Extract verbatim every line from the one containing "Jules Vernes Wonderreizen" to the final line of the records below, inclusive, and exclude all pictures.

Data records:
□ □ □ □ □

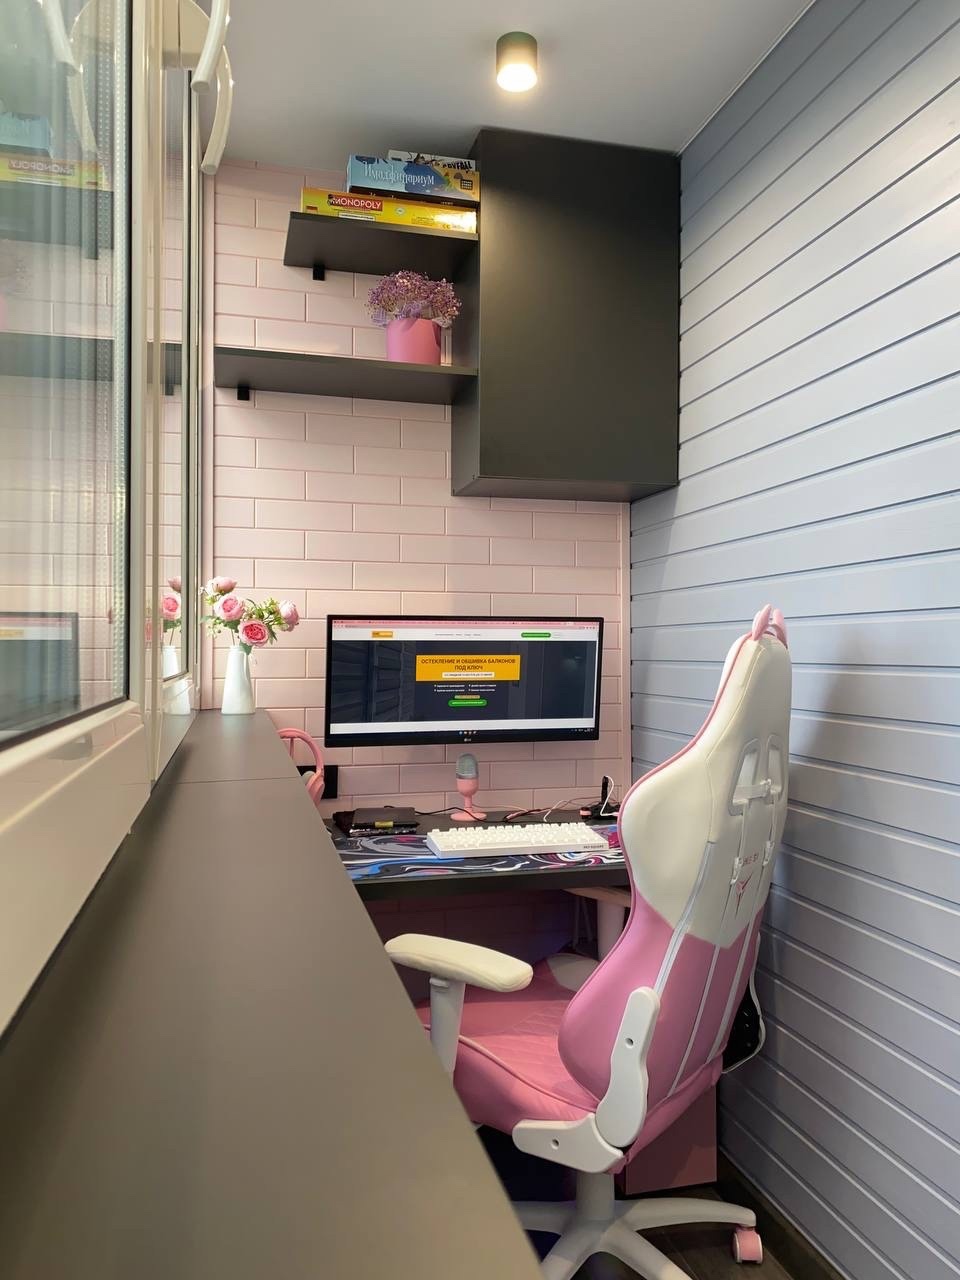 Дизайн узкой лоджии в кирпичном доме под рабочий кабинет и игровую зону для девочки. Сделано компанией КАКСВОИМ
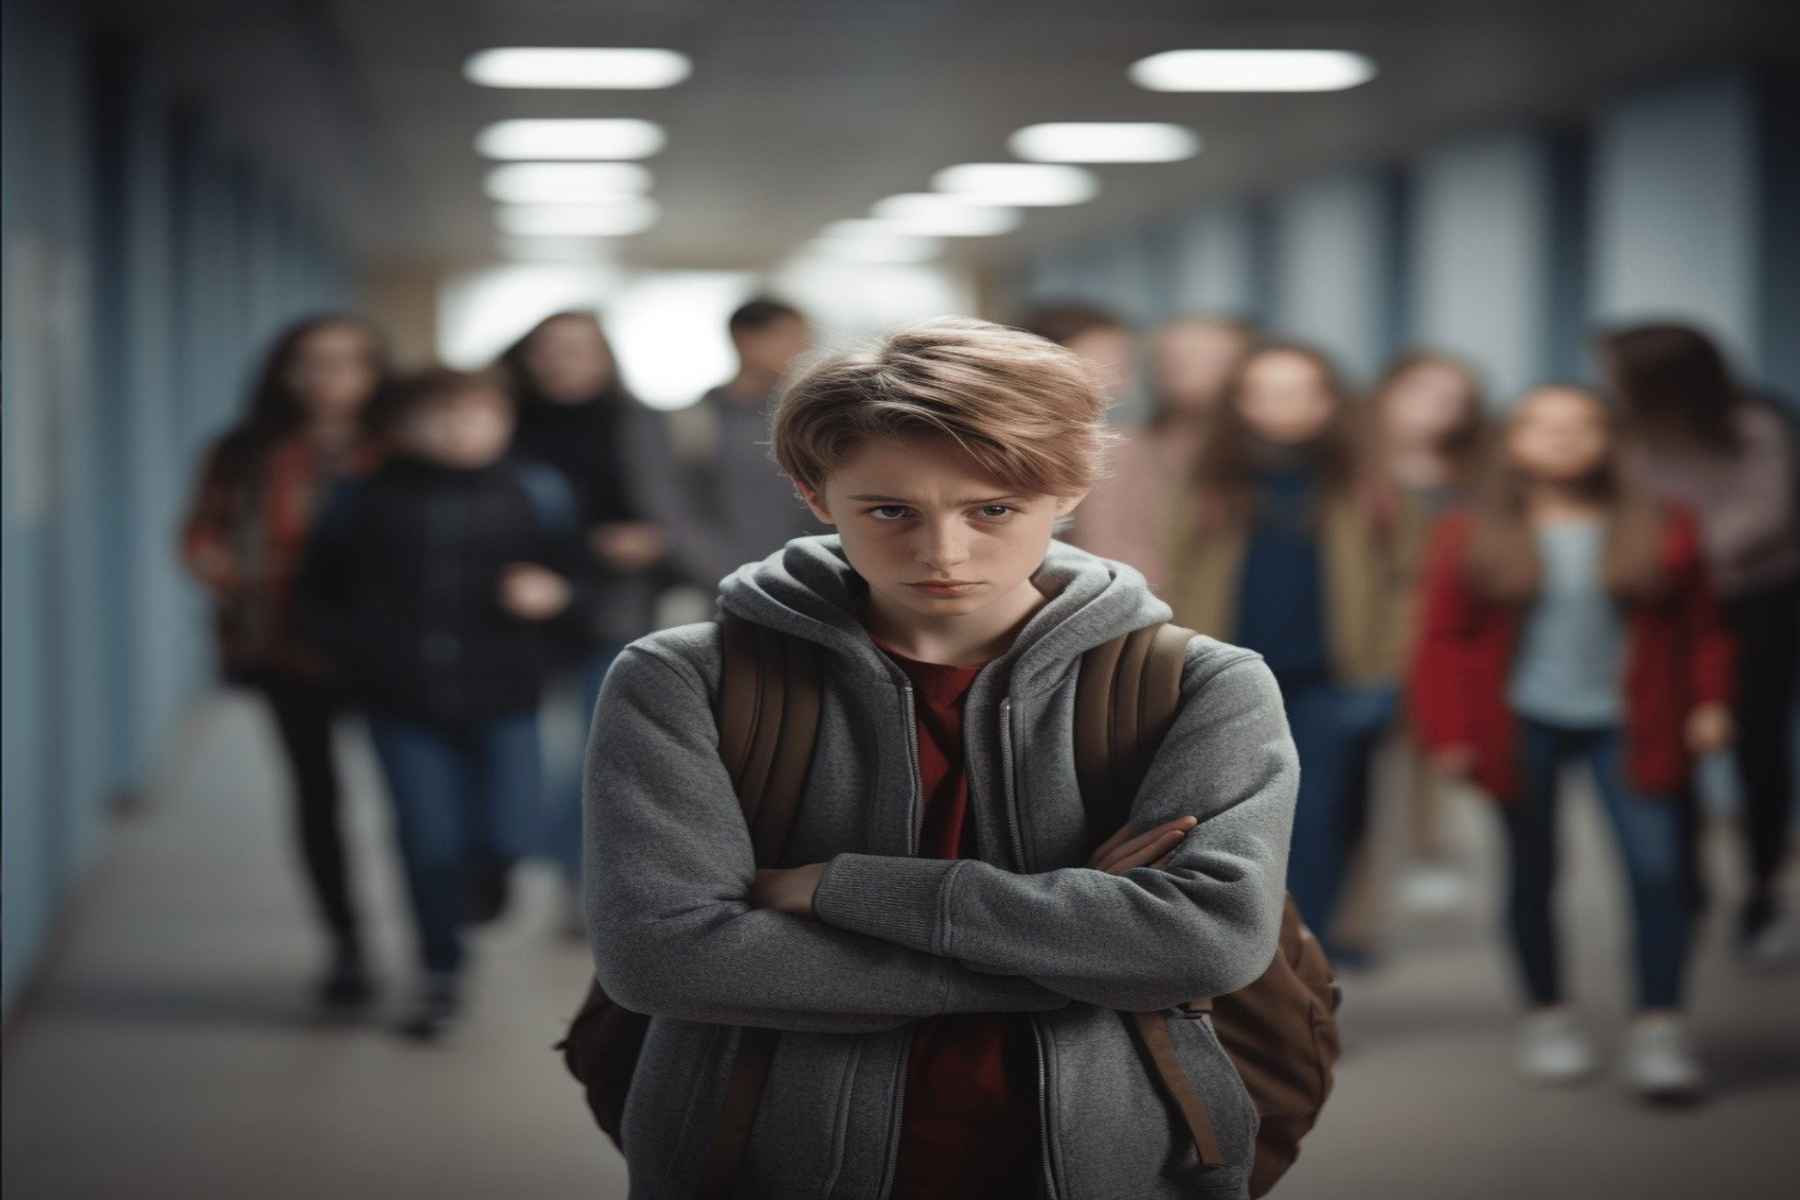 Βullying παιδιά: Ποια είναι η καλύτερη απάντηση στη σχολική βία;
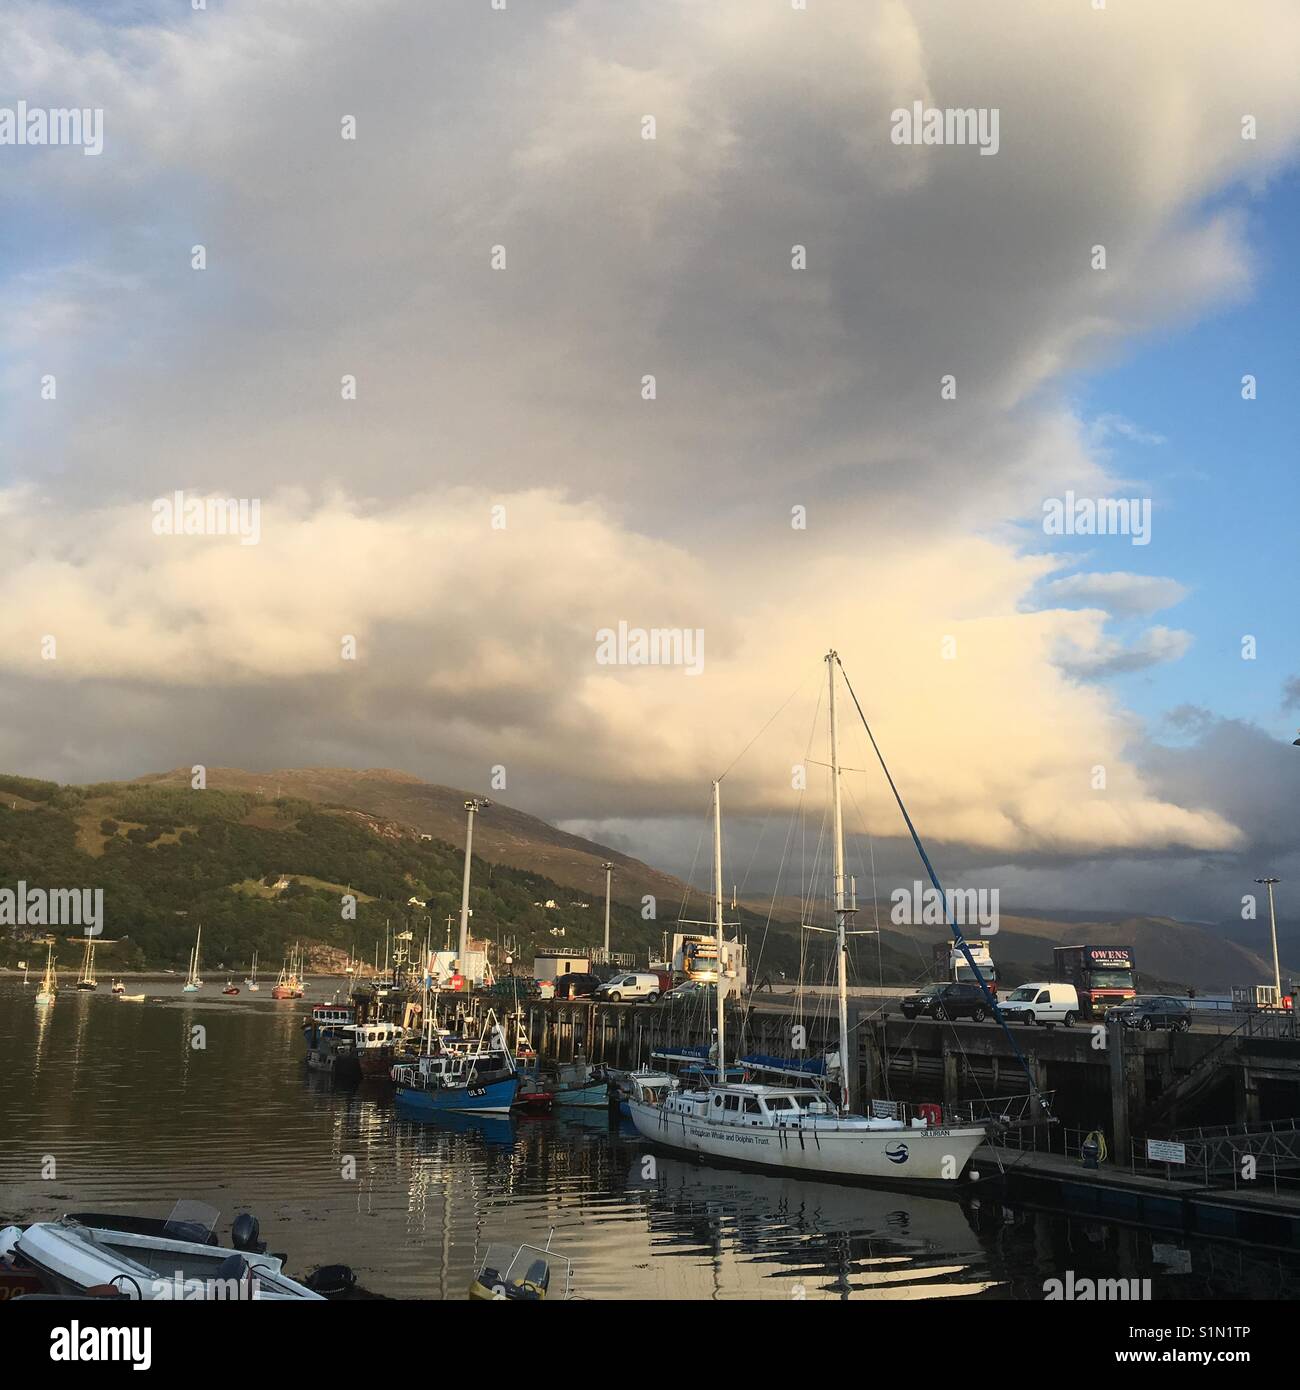 Ullapool harbour, Scotland Stock Photo
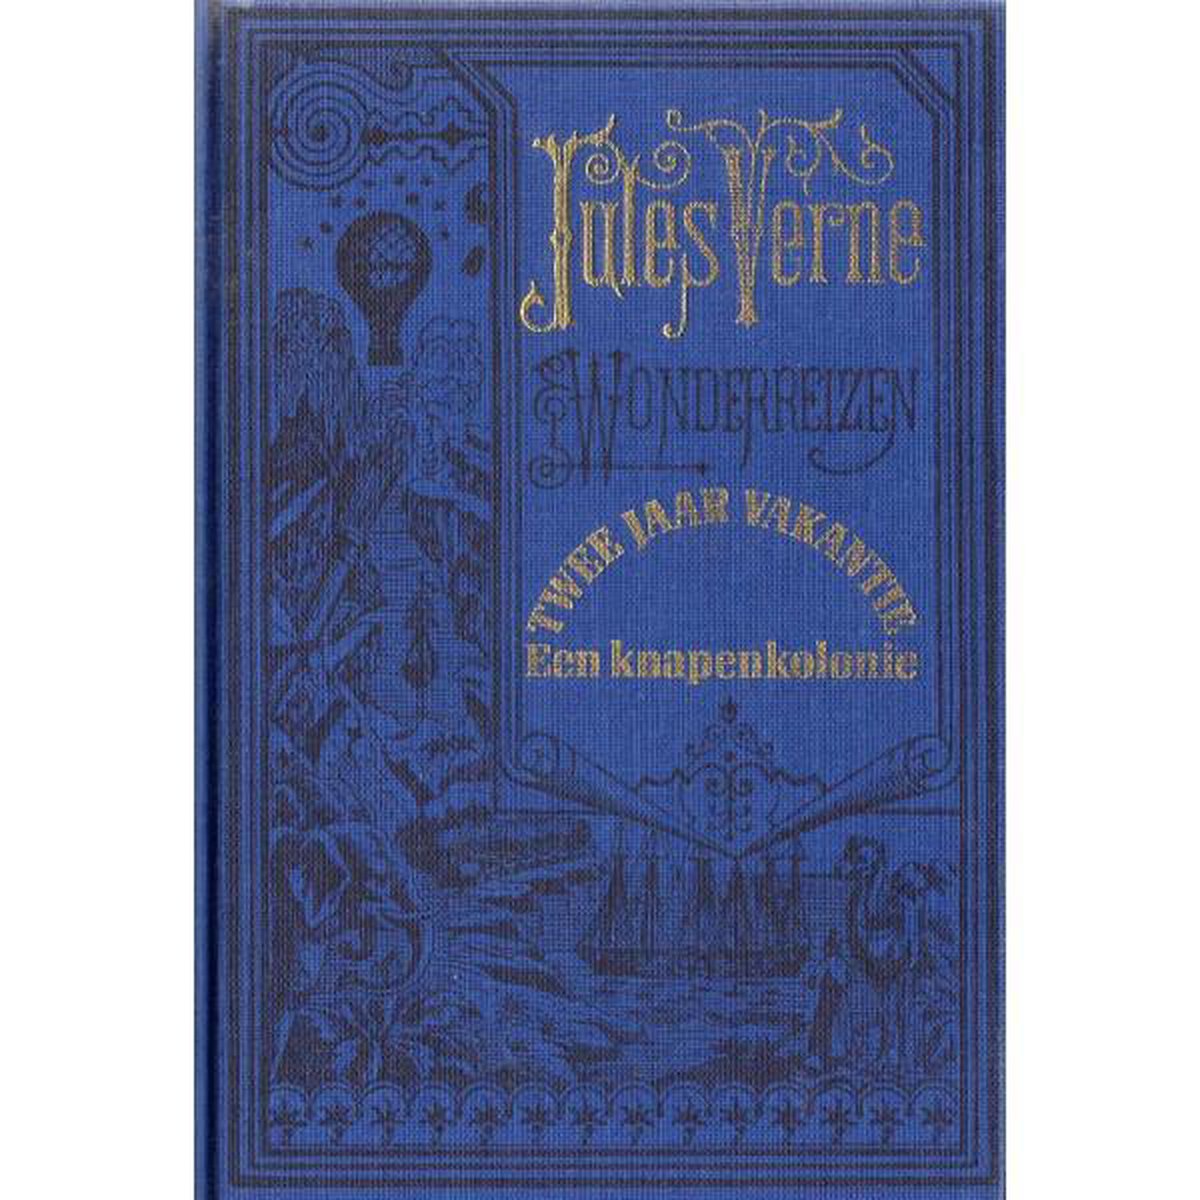 Jules Vernes Wonderreizen - Twee Jaar Vakantie - Een knapenkolonie
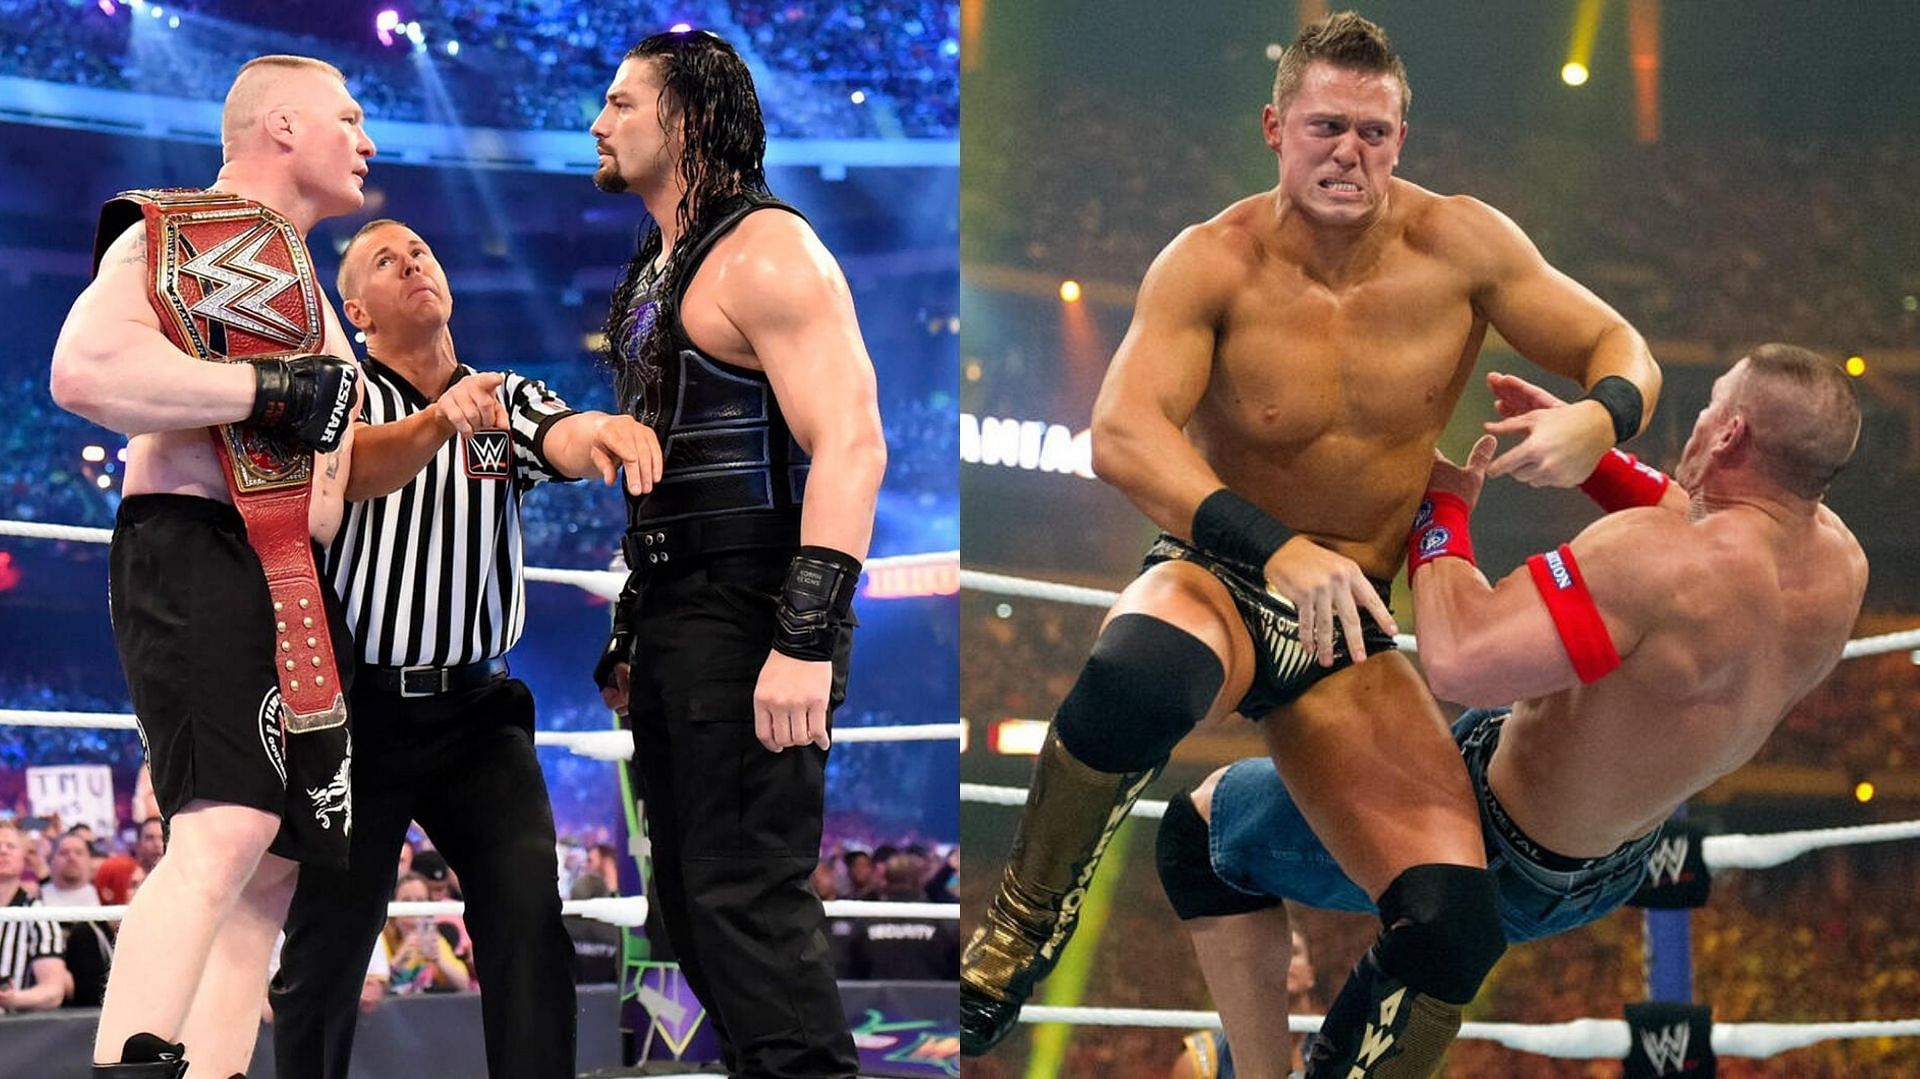 Brock Lesnar, Roman Reigns, The Miz and John Cena

□ □ □ □ □

__Response area__
 Jules Vernes Wonderreizen - Twee Jaar Vakantie - Een knapenkolonie
 Brock Lesnar, Roman Reigns, The Miz and John Cena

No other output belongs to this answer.